Many organizations have come to rely on Hadoop for dealing with the ever-increasing quantities of data that they gather. Today, it is clear what problems Hadoop can solve, however, cloud is still not the first choice for Hadoop deployment. Pros and cons for Hadoop in the cloud have been shared across multiple blogs and books, but the question is always coming-up in discussions with enterprises considering Hadoop in the Cloud. Thus, I thought it would be useful to collate together a few pros and cons, as well as mention a pragmatic approach to consider a hybrid cloud for organizations that have made significant investments on-prem. For organizations going to Hadoop for the first time, Cloud is probably a better bet especially if they don't have a lot of IT expertise and a great stream of revenue exists and needs to be exploited immediately.
Lack of space. You don’t have space to keep racks of physical servers, along with the necessary power and cooling.
Flexibility. It is much easier to reorganize instances, or expand or contract your footprint, for changing business needs. Everything is controlled through cloud provider APIs and web consoles. Changes can be scripted and put into effect manually or even automatically and dynamically based on current conditions.
New usage patterns. Cloud providers abstract computing resources such that they are not tied to physical configurations, which means they can be managed in ways that are otherwise impractical. For example, individuals could have their own instances, clusters, and even networks to work with, without much managerial overhead. The overall budget for CPU cores in your cloud provider account can be concentrated in a set of large instances, a larger set of smaller instances, or some mixture, and can even change over time. When an instance malfunctions, instead of troubleshooting what went wrong, you can just tear it down and replace it.
Worldwide availability. The largest cloud providers have data centers around the world. You can use resources close to where you work, or close to where your customers are, for the best performance. You can set up redundant clusters, or even entire computing environments, in multiple data centers, so that if local problems occur in one data center, you can shift to working elsewhere.
Data retention restrictions. If you have data that is required by law to be stored within specific geographic areas, you can keep it in clusters that are hosted in data centers in those areas.
Cloud provider features. Each major cloud provider offers an ecosystem of features to support the core functions of computing, networking, and storage. To use those features most effectively, your clusters should run in the cloud provider as well.
Capacity. Very few customers tax the infrastructure of a major cloud provider. You can establish large systems in the cloud that are not nearly as easy to put together, not to mention maintain, on-prem.
Simplicity. Cloud providers start you off with reasonable defaults, but then it is up to you to figure out how all of their features work and when they are appropriate. It takes a lot of experience to become proficient at picking the right types of instances and arranging networks properly.

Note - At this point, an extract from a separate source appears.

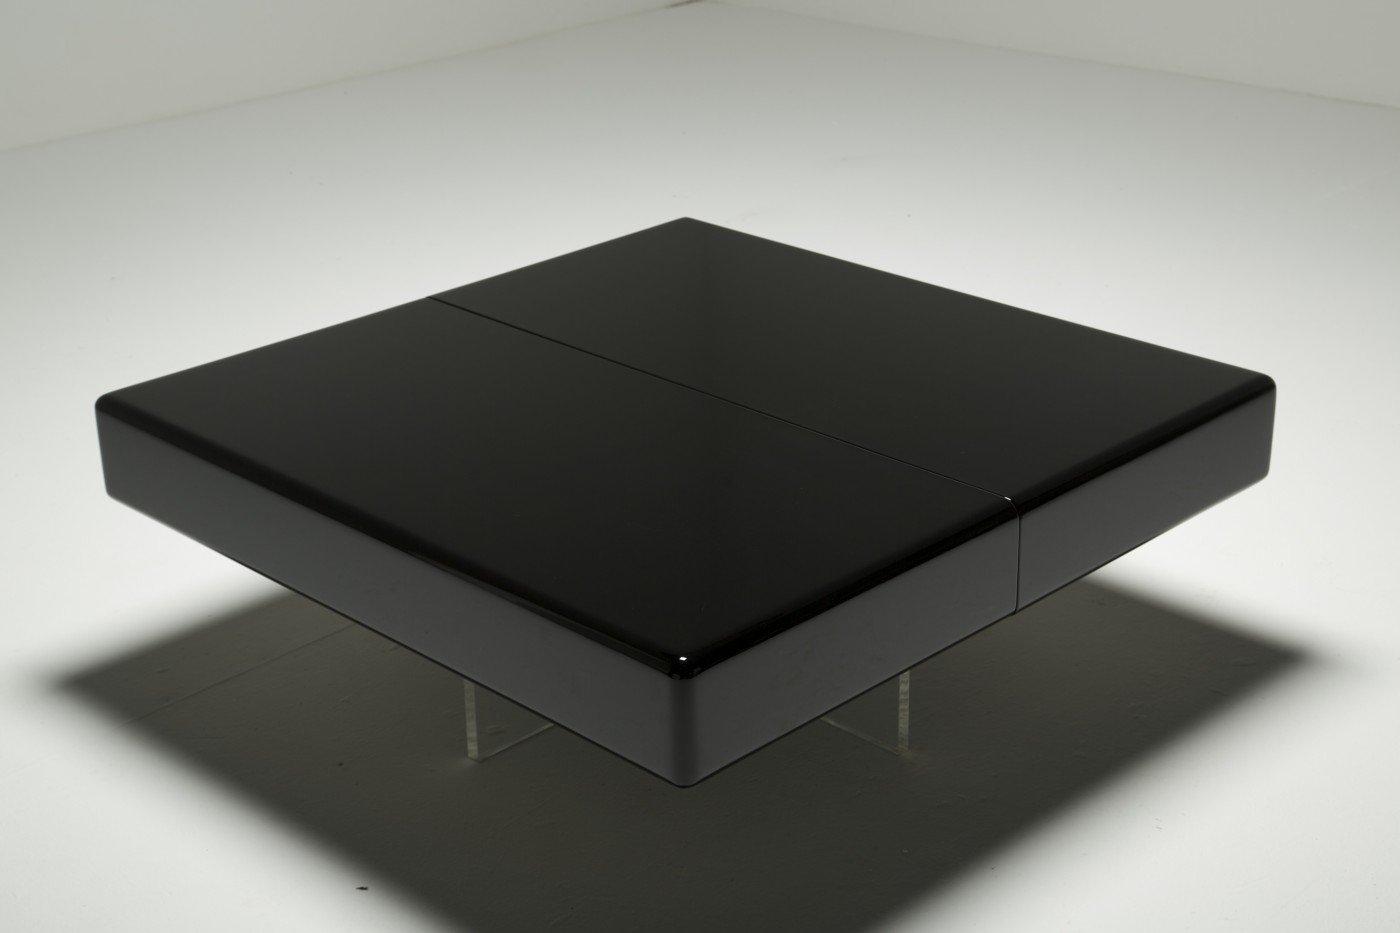 Table basse en noire laqu e avec base perspex en vente sur for Table 6 km turquie

High levels of control. Beyond the general geographic locations of cloud provider data centers and the hardware specifications that providers reveal for their resources, it is not possible to have exacting, precise control over your cloud architecture. You cannot tell exactly where the physical devices sit, or what the devices near them are doing, or how data across them shares the same physical network1. When the cloud provider has internal problems such as network outages, there’s not much you can do but wait.
Unique hardware needs. You cannot have cloud providers attach specialized peripherals or dongles to their hardware for you. If your application requires resources that exceed what a cloud provider offers, you will need to host that part on-prem away from your Hadoop clusters.

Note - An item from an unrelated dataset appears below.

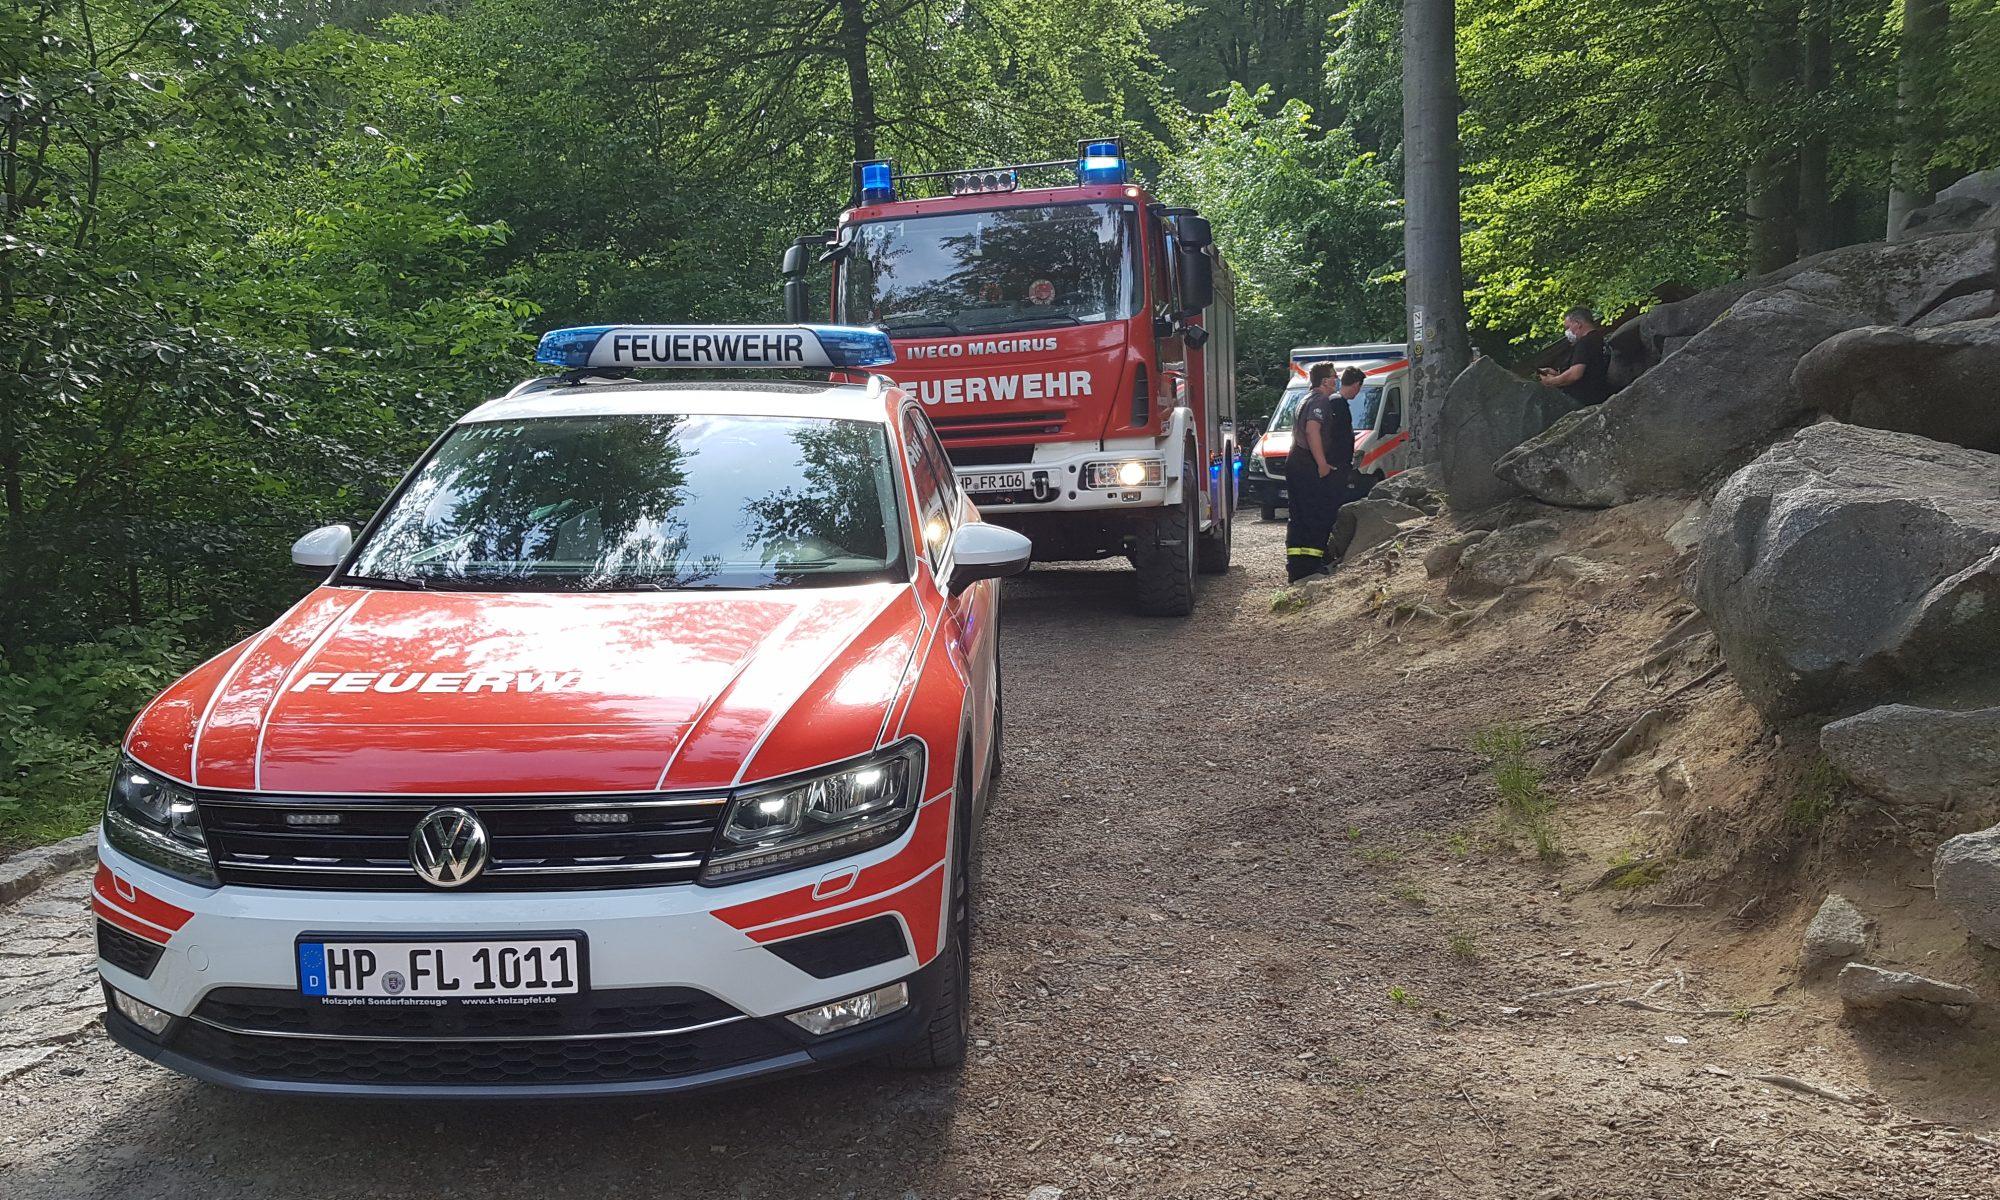 Feuerwehr und Rettungsdienst bei Rettungspunkt 4 im Felsenmeer am 27.06.2021 (2. Einsatz)

Saving money. For one thing, you are still paying for the resources you use. The hope is that the economy of scale that a cloud provider can achieve makes it more economical for you to pay to “rent” their hardware than to run your own. You will also still need people who understand system administration and networking to take care of your cloud infrastructure. Inefficient architectures can cost a lot of money in storage and data transfer costs, or instances that are running idle.
Best of Both
Instead of running your clusters and associated applications completely in the cloud or completely on-prem, the overall system is split between the two - Hybrid Cloud.
Data channels are established between the cloud and on-prem worlds to connect the components needed to perform work.
Suppose there is a large, existing on-prem data processing system, perhaps using Hadoop clusters, which works well. In order to expand its capacity for running new analyses, rather than adding more on-prem hardware, Hadoop clusters can be created in the cloud. Data needed for the analyses is copied up to the Hadoop clusters where it is analyzed, and the results are sent back on-prem. The cloud clusters can be brought up and torn down in response to demand, which helps to keep costs lower.
Assume the management of vast amounts of incoming data that needs to be centralized and processed. To avoid having one single choke point where all of the raw data is sent, a set of cloud clusters can share the load, perhaps each in a geographic location convenient to where the data is generated. These clusters can perform pre-processing of the data, such as cleaning and summarization, to reduce the work that the final centralized system must perform.